Crossley-Holland doesn't help his cause with his preface. He is the leading purveyor of folk stories in Britain and yet his description of why folk tales matter is mind-blowingly fatuous. Apparently the value in folk tales it that they are about you and me. Crossley-Holland would do well to read Neil Gaiman's Anansi Boys for a much more thorough and credible description of what folk tales are - they are the stories of a people that speak of that people's past, their values, and their environment. Crossley-Holland has not reproduced that in The Old Stories, he has repackaged a set of stories that were written in and often nominally set in East Anglia. What he has not done is produce the tales of the Anglians that speak to who they are, what they value, and why they did it. There is a generic dragon story somewhat distorted by Crossley-Holland's modern viewpoint on gender, there is a vampire story that read simply as a translation of a folk story from the other side of Europe, there are plenty of stories that could have come from anywhere and very few that speak to Anglia.

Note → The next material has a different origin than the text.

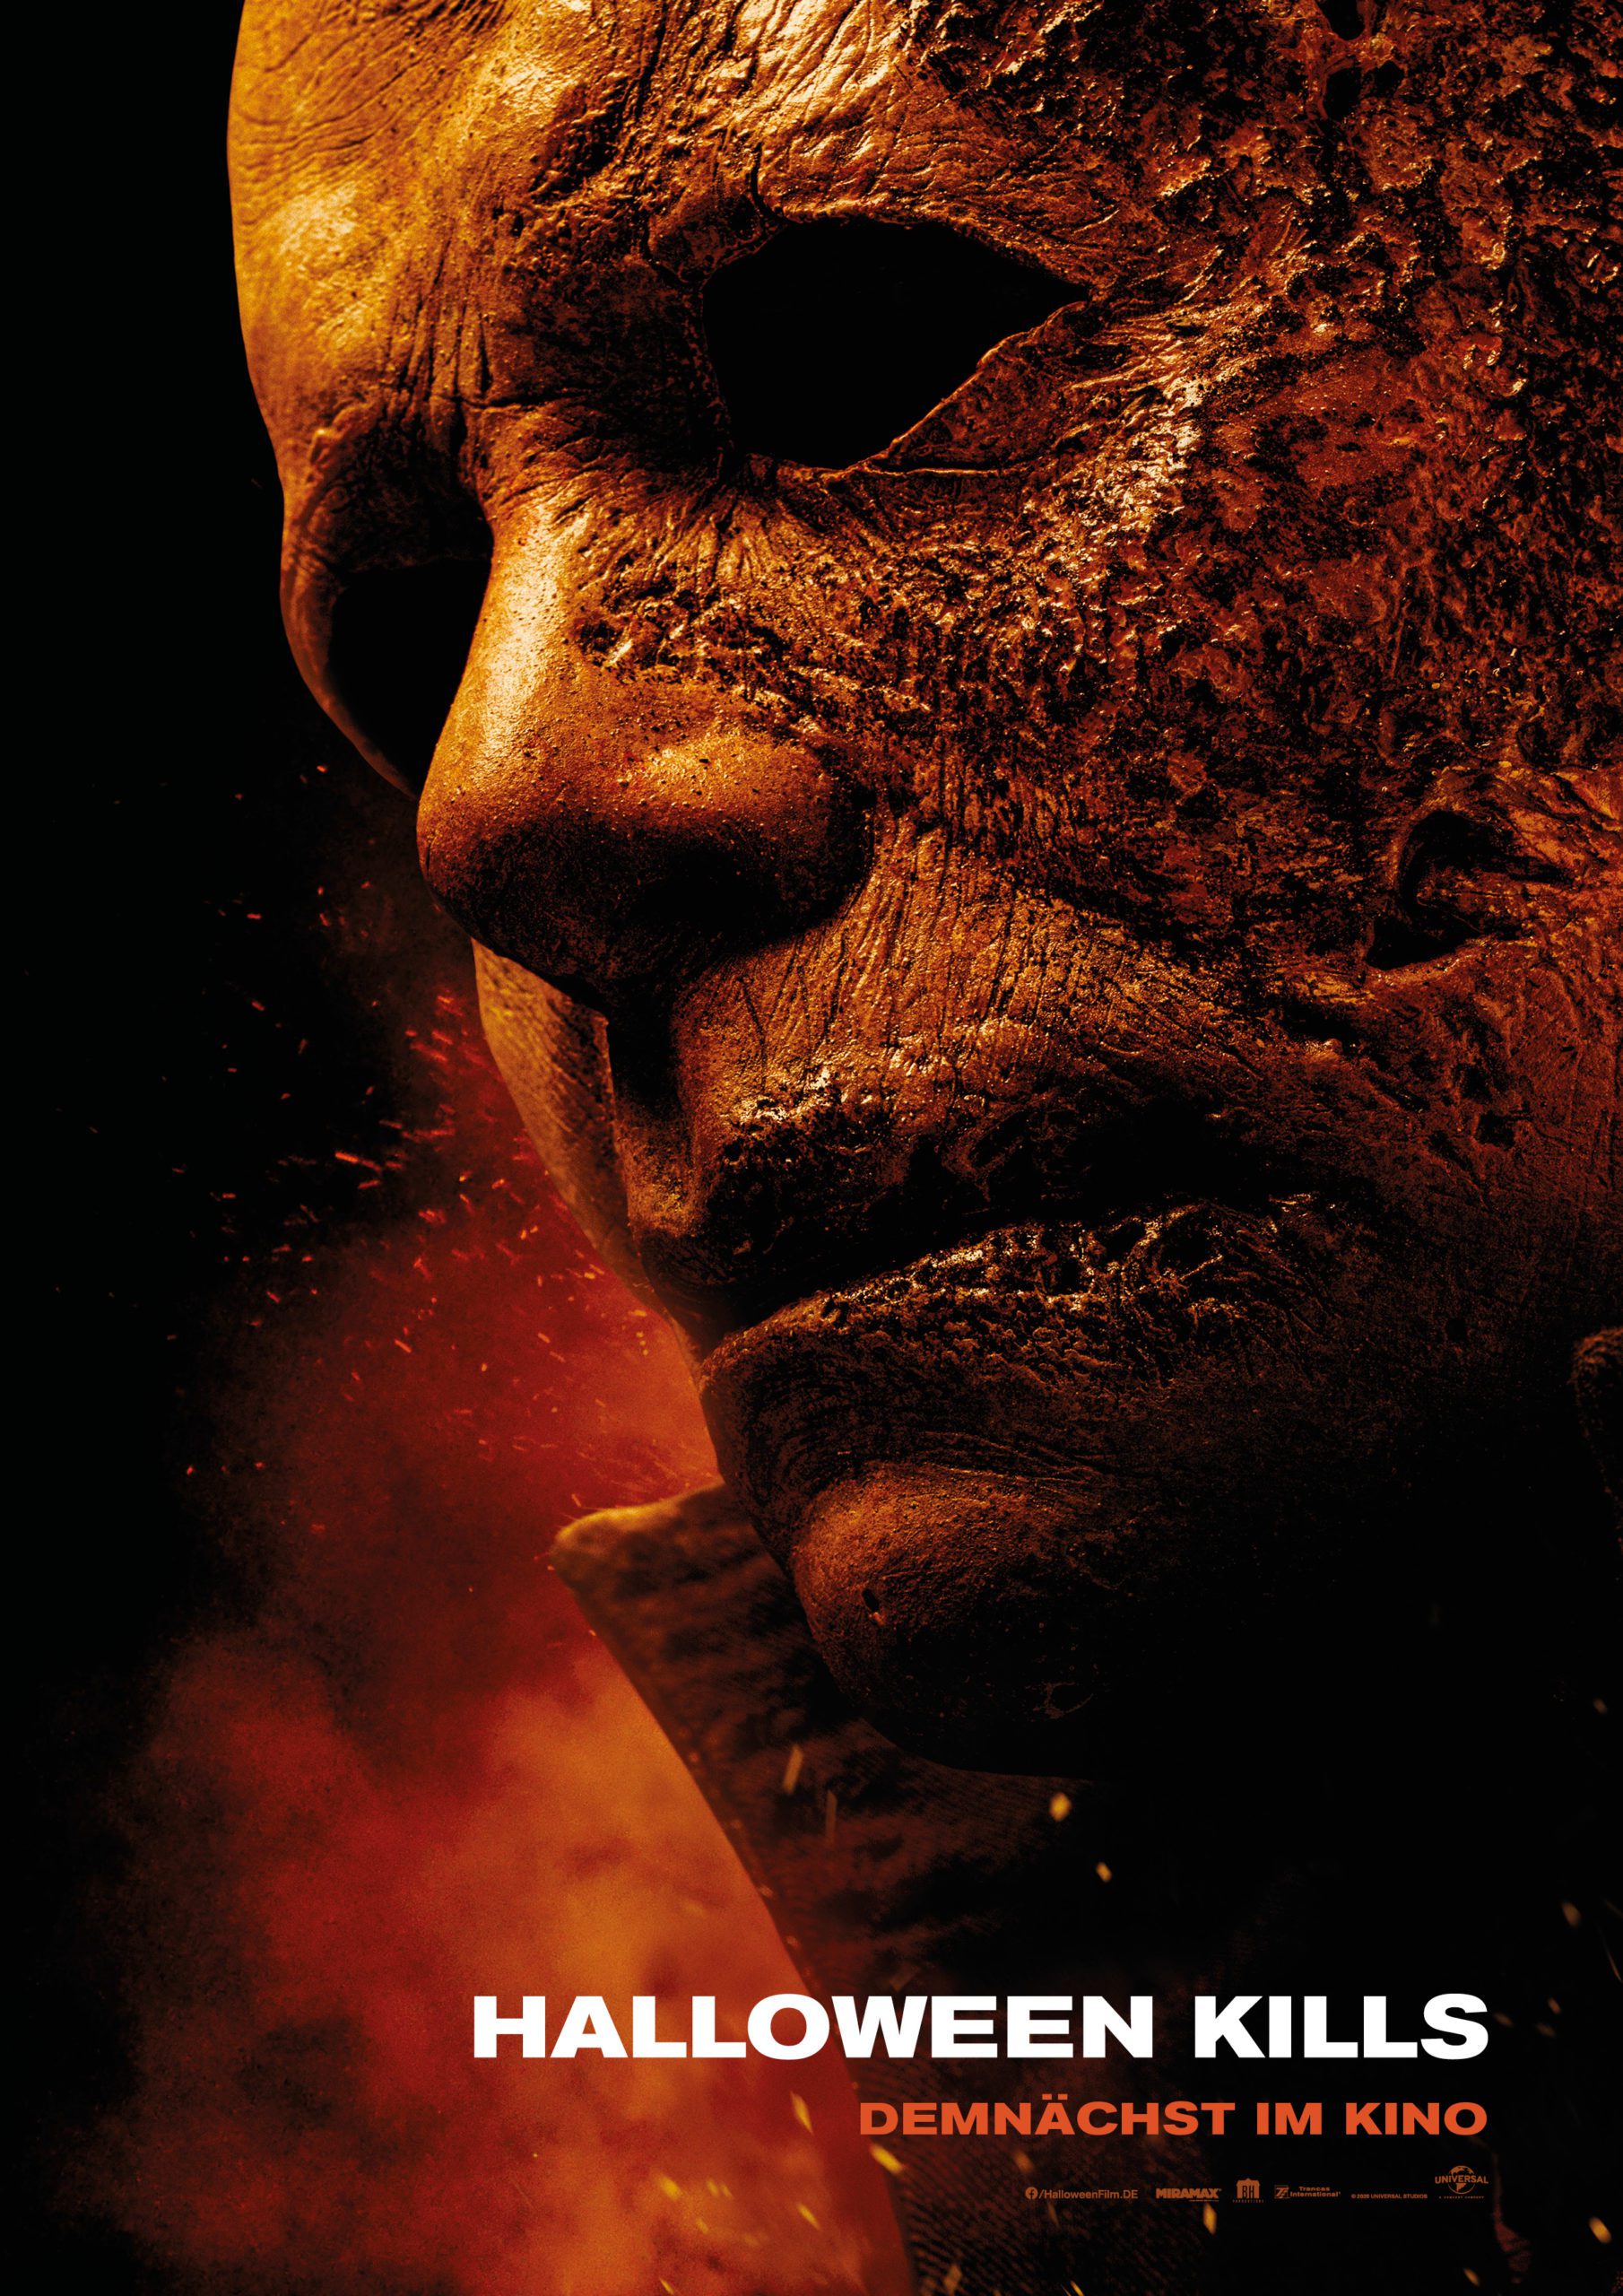 Film Kritik "Halloween Kills": Es wird Zeit, dass Michael Myers (s)ein Ende findet
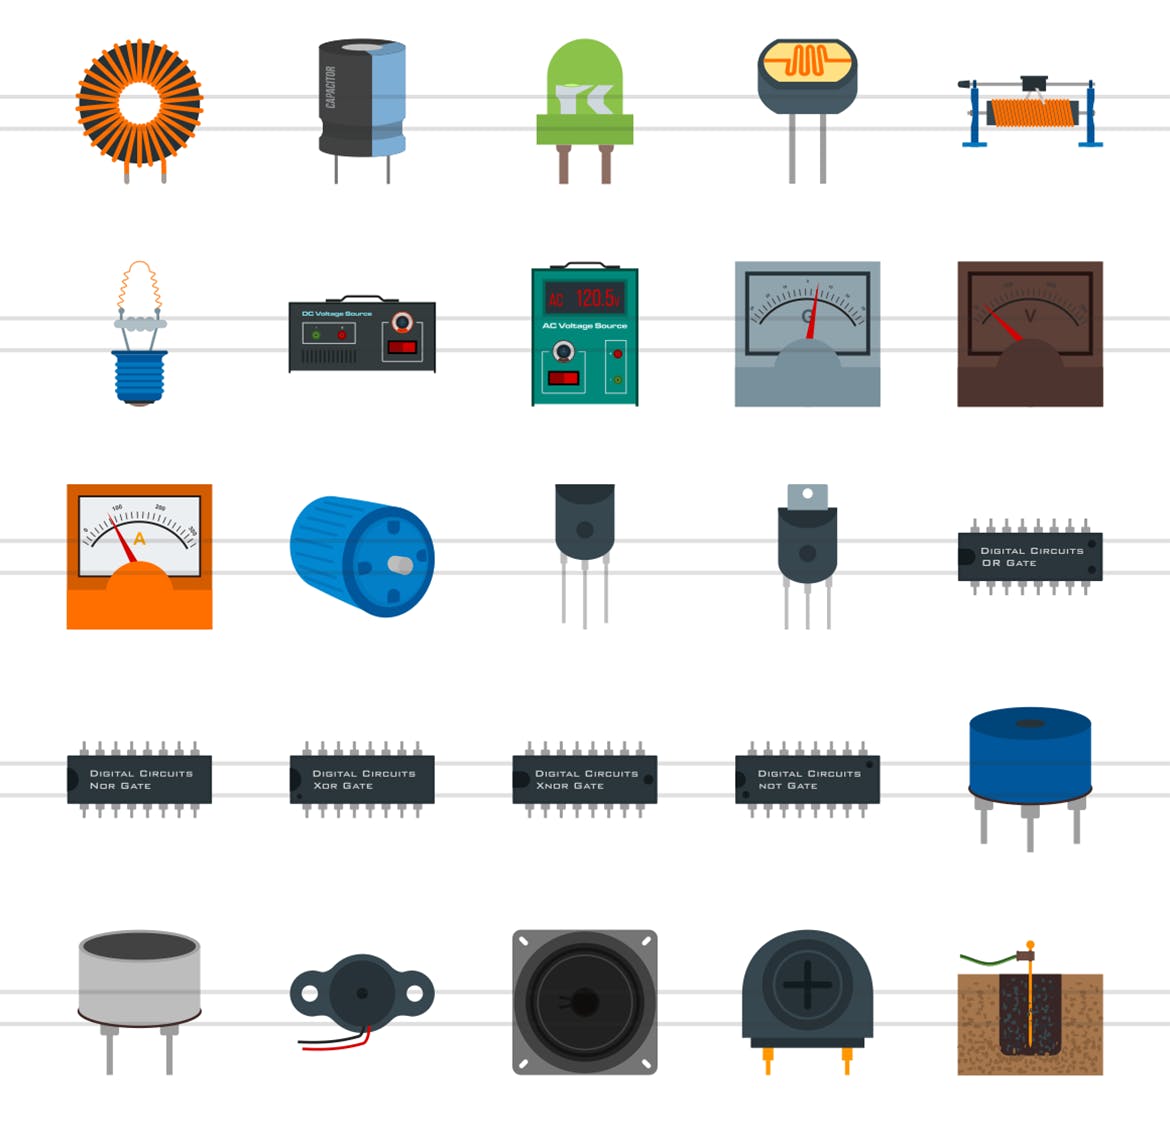 50枚电路线路板主题扁平化彩色矢量16设计素材网精选图标 50 Electric Circuits Flat Multicolor Icons插图(2)

There is value in the notes that Crossley-Holland provides. It is always frustrating that these come at the end of the book when it would be better to have them physically associated with the tales they are about. The notes are occasionally really useful such as the note about the merchant but mainly they are just descriptions of where the narrative was found - mostly from one writer in Lincolnshire.
The Old Stories is a missed opportunity. Most of the stories are generic and not especially interesting. A couple of them are absolutely excellent. It is a shame but this work is very disappointing. This particular reviewer happened to accidentally lose the book while on a train from Vienna to Prague - should anyone have picked it up after me and read it, they would not have absorbed much at all of the culture, people, and stories of the Anglian part of the world.